Population biomonitoring of micronutrient intakes in children using urinary spot samples

  • Magali Rios-LeyvrazEmail author
  • Murielle Bochud
  • Clara Benzi Schmid
  • Max Haldimann
  • Pascal Bovet
  • Arnaud Chiolero
Original Contribution



Urinary spot samples are a promising method for the biomonitoring of micronutrient intake in children. Our aim was to assess whether urinary spot samples could be used to estimate the 24-h urinary excretion of potassium, phosphate, and iodine at the population level.


A cross-sectional study of 101 children between 6 and 16 years of age was conducted. Each child collected a 24-h urine collection and three urinary spot samples (evening, overnight, and morning). Several equations were used to estimate 24-h excretion based on the urinary concentrations of each micronutrient in the three spot samples. Various equations and spot combinations were compared using several statistics and plots.


Ninety-four children were included in the analysis (mean age: 10.5 years). The mean measured 24-h urinary excretions of potassium, phosphate, and iodine were 1.76 g, 0.61 g, and 95 µg, respectively. For potassium, the best 24-h estimates were obtained with the Mage equation and morning spot (mean bias: 0.2 g, correlation: 0.27, precision: 56%, and misclassification: 10%). For phosphate, the best 24-h estimates were obtained with the Mage equation and overnight spot (mean bias: − 0.03 g, correlation: 0.54, precision: 72%, and misclassification: 10%).

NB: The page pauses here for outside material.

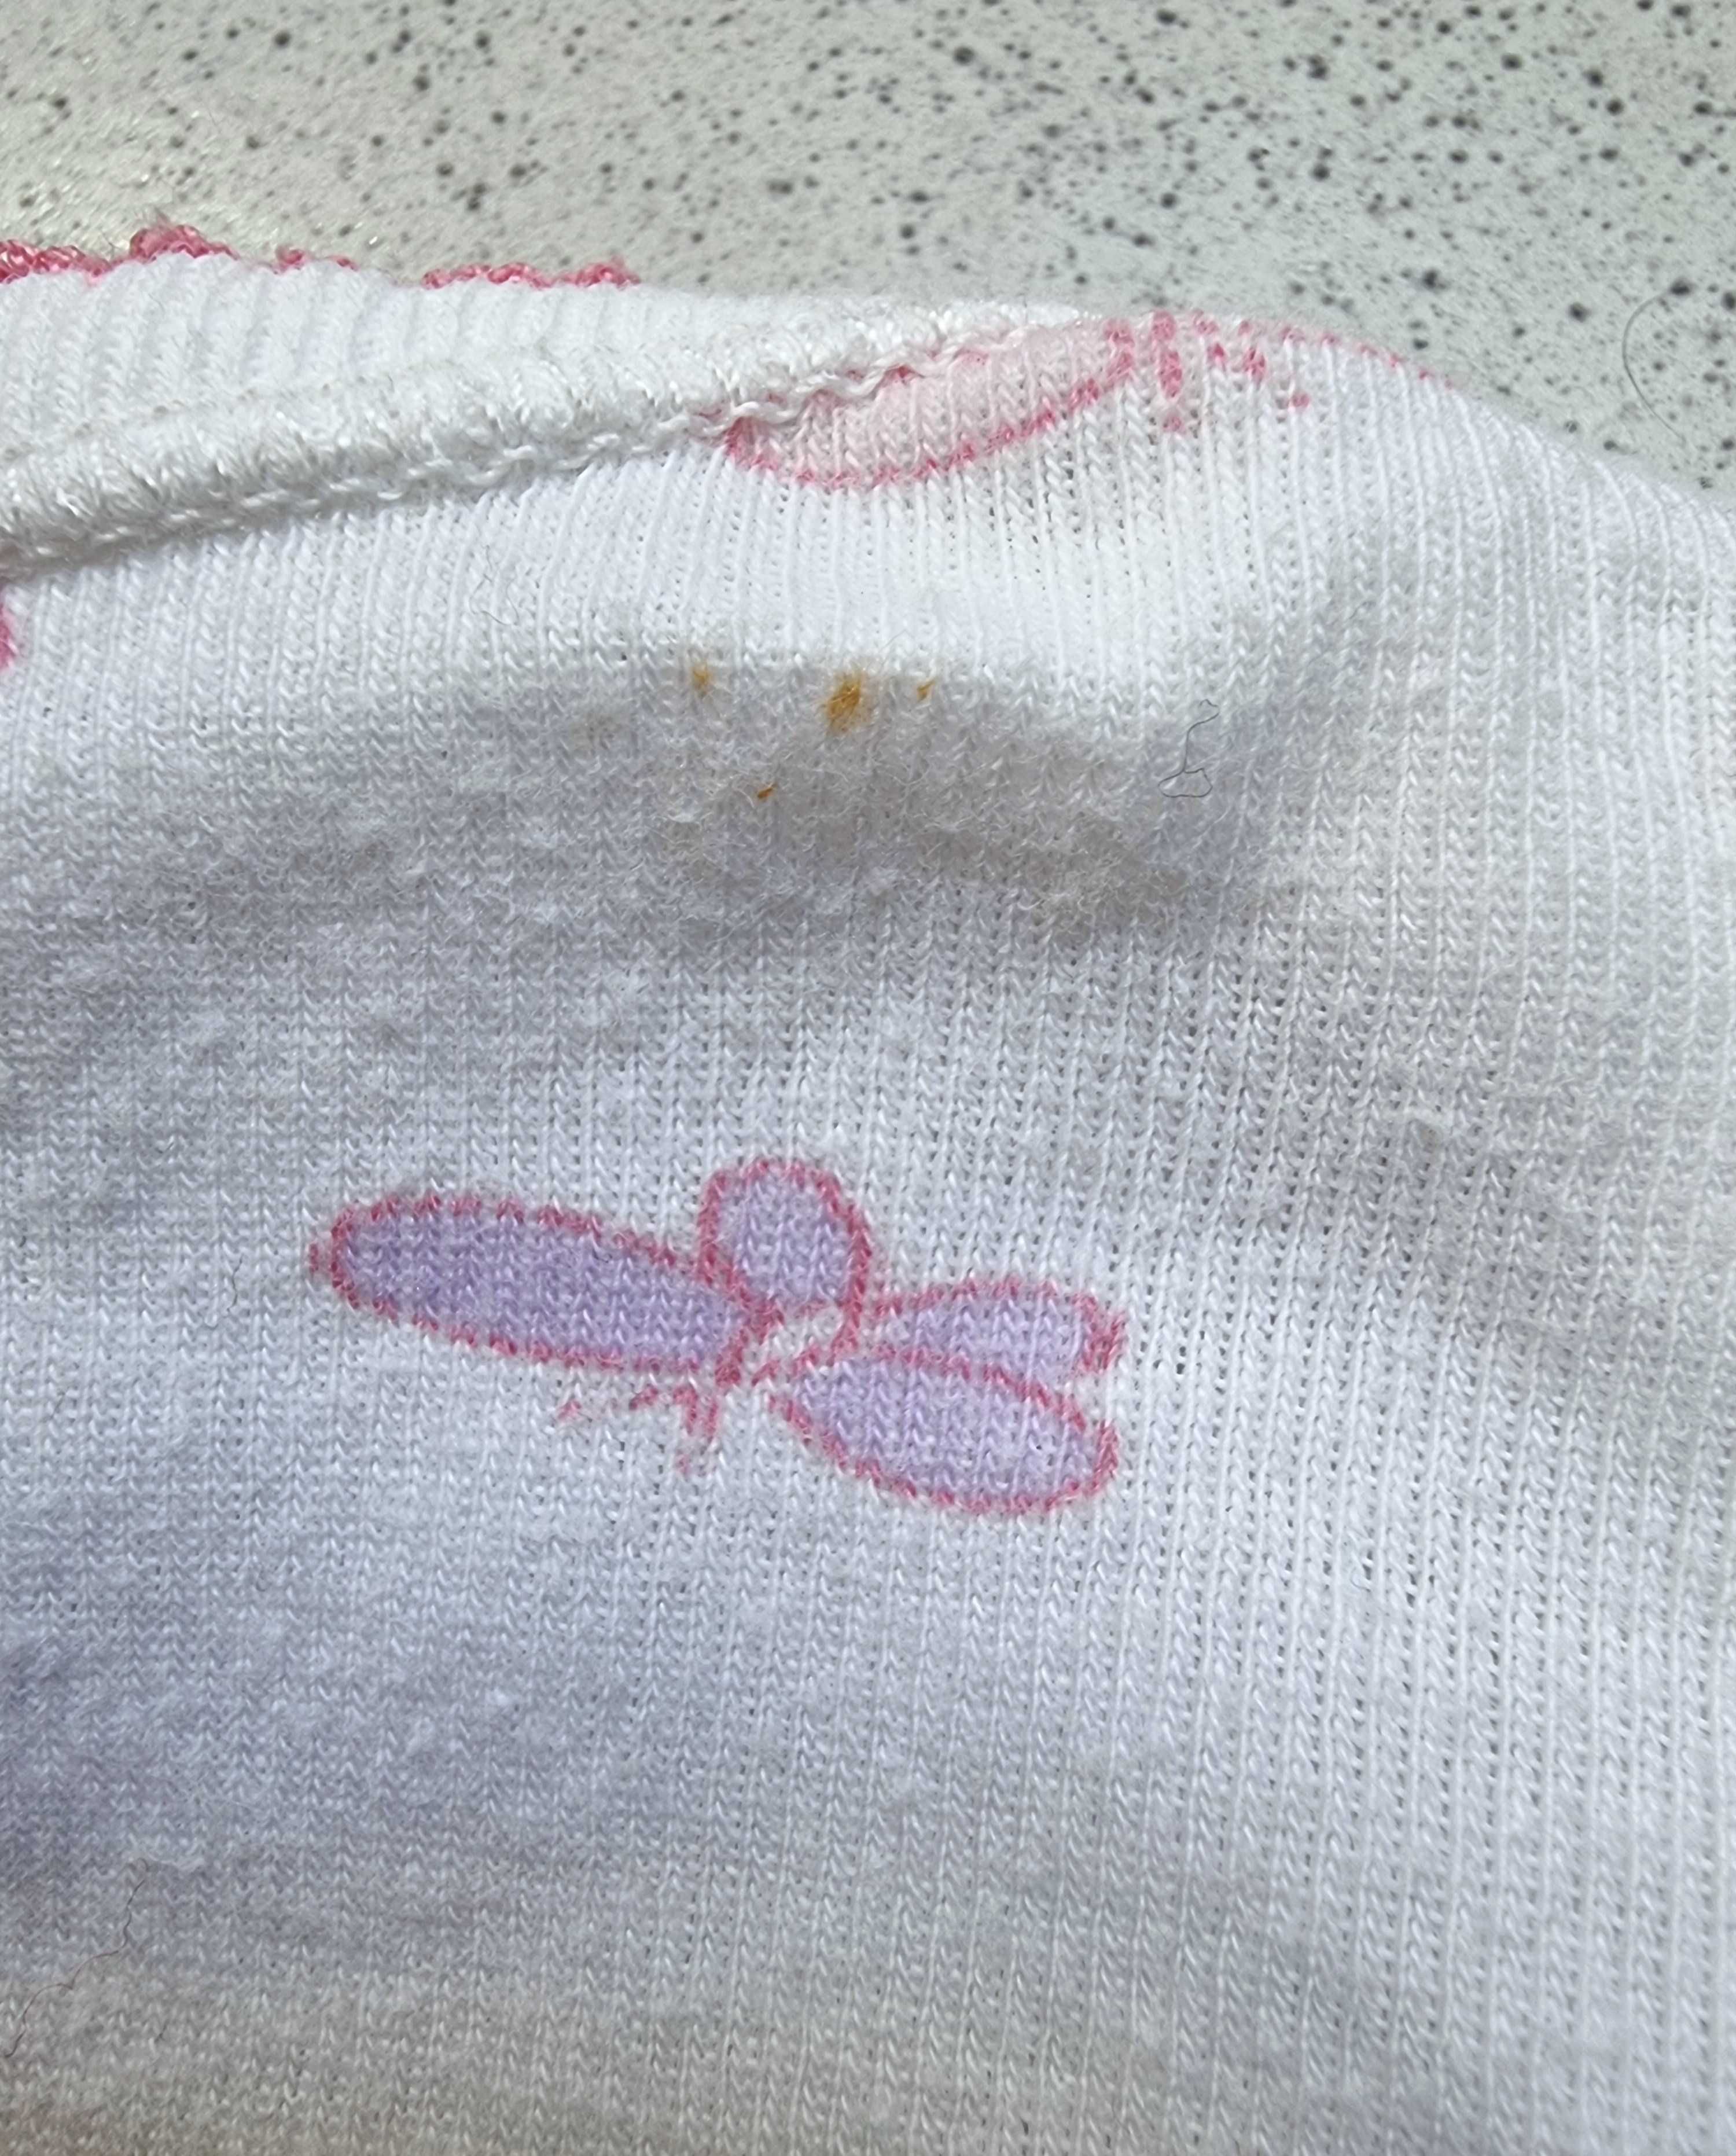 Camisola branca com borboletas rosa 100% algodão, 3 meses
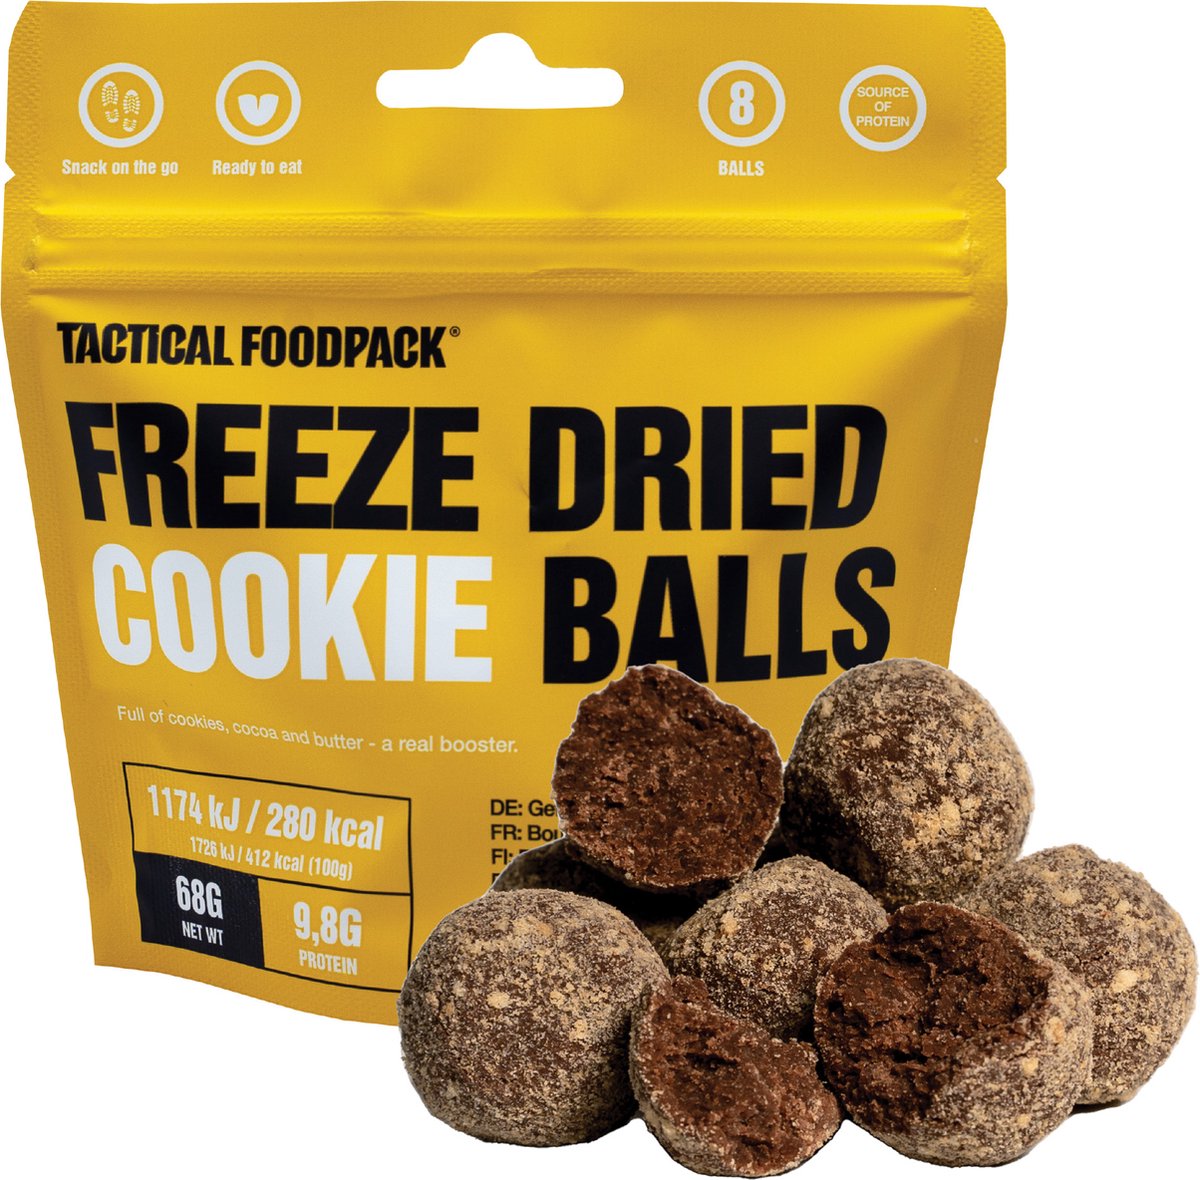 Tactical FoodPack Freeze-Dried Cookie Balls (40gram) - Koek en chocoladeballen - 280 kcal - buitensportvoeding - outdoorsnack - vriesdroog - survival eten - prepper - 8 jaar houdbaar - snackverpakking

For iodine, the best 24-h estimates were obtained with the Remer equation and overnight spot (mean bias: − 8 µg, correlation: 0.58, precision: 86%, misclassification: 16%).


Urinary spot samples could be a good alternative to 24-h urine collection for the population biomonitoring of iodine and phosphate intakes in children. For potassium, spot samples were less reliable.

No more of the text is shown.